BEGIN

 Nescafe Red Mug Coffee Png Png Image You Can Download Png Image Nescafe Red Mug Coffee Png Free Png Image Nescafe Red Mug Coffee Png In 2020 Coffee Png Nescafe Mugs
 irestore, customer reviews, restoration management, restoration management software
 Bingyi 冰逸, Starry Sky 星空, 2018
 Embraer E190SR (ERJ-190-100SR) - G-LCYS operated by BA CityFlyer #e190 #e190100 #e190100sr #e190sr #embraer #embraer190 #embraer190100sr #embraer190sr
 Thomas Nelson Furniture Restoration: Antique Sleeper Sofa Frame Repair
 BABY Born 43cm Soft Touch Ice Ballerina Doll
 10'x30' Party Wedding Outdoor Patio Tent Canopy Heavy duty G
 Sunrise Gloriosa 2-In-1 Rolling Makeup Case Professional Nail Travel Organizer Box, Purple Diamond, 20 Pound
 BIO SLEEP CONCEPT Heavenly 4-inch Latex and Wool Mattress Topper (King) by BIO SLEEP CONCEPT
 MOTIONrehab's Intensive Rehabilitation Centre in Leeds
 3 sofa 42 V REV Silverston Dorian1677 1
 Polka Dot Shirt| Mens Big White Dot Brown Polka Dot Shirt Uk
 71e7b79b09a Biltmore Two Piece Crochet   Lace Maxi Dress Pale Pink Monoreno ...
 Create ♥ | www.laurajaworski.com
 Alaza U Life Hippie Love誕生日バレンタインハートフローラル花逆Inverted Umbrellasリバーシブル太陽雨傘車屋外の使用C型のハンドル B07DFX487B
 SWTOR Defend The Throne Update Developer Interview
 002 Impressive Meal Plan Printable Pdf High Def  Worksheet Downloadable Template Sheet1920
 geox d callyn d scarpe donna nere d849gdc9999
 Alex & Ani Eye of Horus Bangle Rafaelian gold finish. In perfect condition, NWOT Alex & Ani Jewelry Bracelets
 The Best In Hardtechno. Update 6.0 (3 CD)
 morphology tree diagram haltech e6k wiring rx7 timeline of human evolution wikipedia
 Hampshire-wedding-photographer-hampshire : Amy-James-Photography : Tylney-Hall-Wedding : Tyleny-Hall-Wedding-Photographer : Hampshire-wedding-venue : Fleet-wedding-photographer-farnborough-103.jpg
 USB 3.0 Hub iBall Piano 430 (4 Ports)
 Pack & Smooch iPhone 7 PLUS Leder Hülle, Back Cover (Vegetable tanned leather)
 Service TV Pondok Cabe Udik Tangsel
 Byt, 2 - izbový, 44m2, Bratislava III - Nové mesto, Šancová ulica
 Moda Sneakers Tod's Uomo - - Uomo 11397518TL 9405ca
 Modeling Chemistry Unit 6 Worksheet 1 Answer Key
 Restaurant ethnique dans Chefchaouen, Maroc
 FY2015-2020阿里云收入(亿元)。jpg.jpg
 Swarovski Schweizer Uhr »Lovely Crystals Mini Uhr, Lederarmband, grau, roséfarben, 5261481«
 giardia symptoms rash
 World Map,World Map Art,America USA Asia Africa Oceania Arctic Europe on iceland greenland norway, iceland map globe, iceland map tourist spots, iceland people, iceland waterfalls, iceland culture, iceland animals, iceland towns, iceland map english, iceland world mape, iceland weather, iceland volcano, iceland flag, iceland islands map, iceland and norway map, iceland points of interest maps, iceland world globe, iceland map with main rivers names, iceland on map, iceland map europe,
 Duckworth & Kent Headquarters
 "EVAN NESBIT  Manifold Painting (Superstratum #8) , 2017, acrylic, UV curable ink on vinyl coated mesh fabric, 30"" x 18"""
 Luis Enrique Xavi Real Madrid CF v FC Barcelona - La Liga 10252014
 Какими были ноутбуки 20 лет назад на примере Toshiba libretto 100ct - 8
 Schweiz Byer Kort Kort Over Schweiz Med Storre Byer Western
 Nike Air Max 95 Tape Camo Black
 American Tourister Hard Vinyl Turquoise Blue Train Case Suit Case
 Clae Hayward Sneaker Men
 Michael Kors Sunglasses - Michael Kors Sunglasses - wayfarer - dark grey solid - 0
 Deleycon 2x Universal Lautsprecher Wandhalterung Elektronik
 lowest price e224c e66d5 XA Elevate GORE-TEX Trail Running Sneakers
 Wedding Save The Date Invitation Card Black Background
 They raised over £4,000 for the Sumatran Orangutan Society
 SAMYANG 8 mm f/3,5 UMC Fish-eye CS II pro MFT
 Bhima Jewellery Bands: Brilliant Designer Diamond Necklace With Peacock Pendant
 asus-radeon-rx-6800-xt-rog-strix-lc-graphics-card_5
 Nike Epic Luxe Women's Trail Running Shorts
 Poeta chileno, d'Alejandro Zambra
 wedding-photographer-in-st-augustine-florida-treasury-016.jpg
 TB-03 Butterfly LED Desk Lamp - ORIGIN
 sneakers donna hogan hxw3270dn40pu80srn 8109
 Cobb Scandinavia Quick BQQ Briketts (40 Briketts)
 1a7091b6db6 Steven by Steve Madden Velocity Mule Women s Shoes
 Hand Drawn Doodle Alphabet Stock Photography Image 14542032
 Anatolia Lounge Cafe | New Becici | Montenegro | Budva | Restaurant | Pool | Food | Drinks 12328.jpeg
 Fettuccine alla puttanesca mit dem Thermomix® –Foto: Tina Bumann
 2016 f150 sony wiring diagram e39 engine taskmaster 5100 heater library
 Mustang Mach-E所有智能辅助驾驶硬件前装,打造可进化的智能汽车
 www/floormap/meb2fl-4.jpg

END

Could you write out all the data exactly as it is given?

▸ Solution to the exercise
 Nescafe Red Mug Coffee Png Png Image You Can Download Png Image Nescafe Red Mug Coffee Png Free Png Image Nescafe Red Mug Coffee Png In 2020 Coffee Png Nescafe Mugs
 irestore, customer reviews, restoration management, restoration management software
 Bingyi 冰逸, Starry Sky 星空, 2018
 Embraer E190SR (ERJ-190-100SR) - G-LCYS operated by BA CityFlyer #e190 #e190100 #e190100sr #e190sr #embraer #embraer190 #embraer190100sr #embraer190sr
 Thomas Nelson Furniture Restoration: Antique Sleeper Sofa Frame Repair
 BABY Born 43cm Soft Touch Ice Ballerina Doll
 10'x30' Party Wedding Outdoor Patio Tent Canopy Heavy duty G
 Sunrise Gloriosa 2-In-1 Rolling Makeup Case Professional Nail Travel Organizer Box, Purple Diamond, 20 Pound
 BIO SLEEP CONCEPT Heavenly 4-inch Latex and Wool Mattress Topper (King) by BIO SLEEP CONCEPT
 MOTIONrehab's Intensive Rehabilitation Centre in Leeds
 3 sofa 42 V REV Silverston Dorian1677 1
 Polka Dot Shirt| Mens Big White Dot Brown Polka Dot Shirt Uk
 71e7b79b09a Biltmore Two Piece Crochet   Lace Maxi Dress Pale Pink Monoreno ...
 Create ♥ | www.laurajaworski.com
 Alaza U Life Hippie Love誕生日バレンタインハートフローラル花逆Inverted Umbrellasリバーシブル太陽雨傘車屋外の使用C型のハンドル B07DFX487B
 SWTOR Defend The Throne Update Developer Interview
 002 Impressive Meal Plan Printable Pdf High Def  Worksheet Downloadable Template Sheet1920
 geox d callyn d scarpe donna nere d849gdc9999
 Alex & Ani Eye of Horus Bangle Rafaelian gold finish. In perfect condition, NWOT Alex & Ani Jewelry Bracelets
 The Best In Hardtechno. Update 6.0 (3 CD)
 morphology tree diagram haltech e6k wiring rx7 timeline of human evolution wikipedia
 Hampshire-wedding-photographer-hampshire : Amy-James-Photography : Tylney-Hall-Wedding : Tyleny-Hall-Wedding-Photographer : Hampshire-wedding-venue : Fleet-wedding-photographer-farnborough-103.jpg
 USB 3.0 Hub iBall Piano 430 (4 Ports)
 Pack & Smooch iPhone 7 PLUS Leder Hülle, Back Cover (Vegetable tanned leather)
 Service TV Pondok Cabe Udik Tangsel
 Byt, 2 - izbový, 44m2, Bratislava III - Nové mesto, Šancová ulica
 Moda Sneakers Tod's Uomo - - Uomo 11397518TL 9405ca
 Modeling Chemistry Unit 6 Worksheet 1 Answer Key
 Restaurant ethnique dans Chefchaouen, Maroc
 FY2015-2020阿里云收入(亿元)。jpg.jpg
 Swarovski Schweizer Uhr »Lovely Crystals Mini Uhr, Lederarmband, grau, roséfarben, 5261481«
 giardia symptoms rash
 World Map,World Map Art,America USA Asia Africa Oceania Arctic Europe on iceland greenland norway, iceland map globe, iceland map tourist spots, iceland people, iceland waterfalls, iceland culture, iceland animals, iceland towns, iceland map english, iceland world mape, iceland weather, iceland volcano, iceland flag, iceland islands map, iceland and norway map, iceland points of interest maps, iceland world globe, iceland map with main rivers names, iceland on map, iceland map europe,
 Duckworth & Kent Headquarters
 "EVAN NESBIT  Manifold Painting (Superstratum #8) , 2017, acrylic, UV curable ink on vinyl coated mesh fabric, 30"" x 18"""
 Luis Enrique Xavi Real Madrid CF v FC Barcelona - La Liga 10252014
 Какими были ноутбуки 20 лет назад на примере Toshiba libretto 100ct - 8
 Schweiz Byer Kort Kort Over Schweiz Med Storre Byer Western
 Nike Air Max 95 Tape Camo Black
 American Tourister Hard Vinyl Turquoise Blue Train Case Suit Case
 Clae Hayward Sneaker Men
 Michael Kors Sunglasses - Michael Kors Sunglasses - wayfarer - dark grey solid - 0
 Deleycon 2x Universal Lautsprecher Wandhalterung Elektronik
 lowest price e224c e66d5 XA Elevate GORE-TEX Trail Running Sneakers
 Wedding Save The Date Invitation Card Black Background
 They raised over £4,000 for the Sumatran Orangutan Society
 SAMYANG 8 mm f/3,5 UMC Fish-eye CS II pro MFT
 Bhima Jewellery Bands: Brilliant Designer Diamond Necklace With Peacock Pendant
 asus-radeon-rx-6800-xt-rog-strix-lc-graphics-card_5
 Nike Epic Luxe Women's Trail Running Shorts
 Poeta chileno, d'Alejandro Zambra
 wedding-photographer-in-st-augustine-florida-treasury-016.jpg
 TB-03 Butterfly LED Desk Lamp - ORIGIN
 sneakers donna hogan hxw3270dn40pu80srn 8109
 Cobb Scandinavia Quick BQQ Briketts (40 Briketts)
 1a7091b6db6 Steven by Steve Madden Velocity Mule Women s Shoes
 Hand Drawn Doodle Alphabet Stock Photography Image 14542032
 Anatolia Lounge Cafe | New Becici | Montenegro | Budva | Restaurant | Pool | Food | Drinks 12328.jpeg
 Fettuccine alla puttanesca mit dem Thermomix® –Foto: Tina Bumann
 2016 f150 sony wiring diagram e39 engine taskmaster 5100 heater library
 Mustang Mach-E所有智能辅助驾驶硬件前装,打造可进化的智能汽车
 www/floormap/meb2fl-4.jpg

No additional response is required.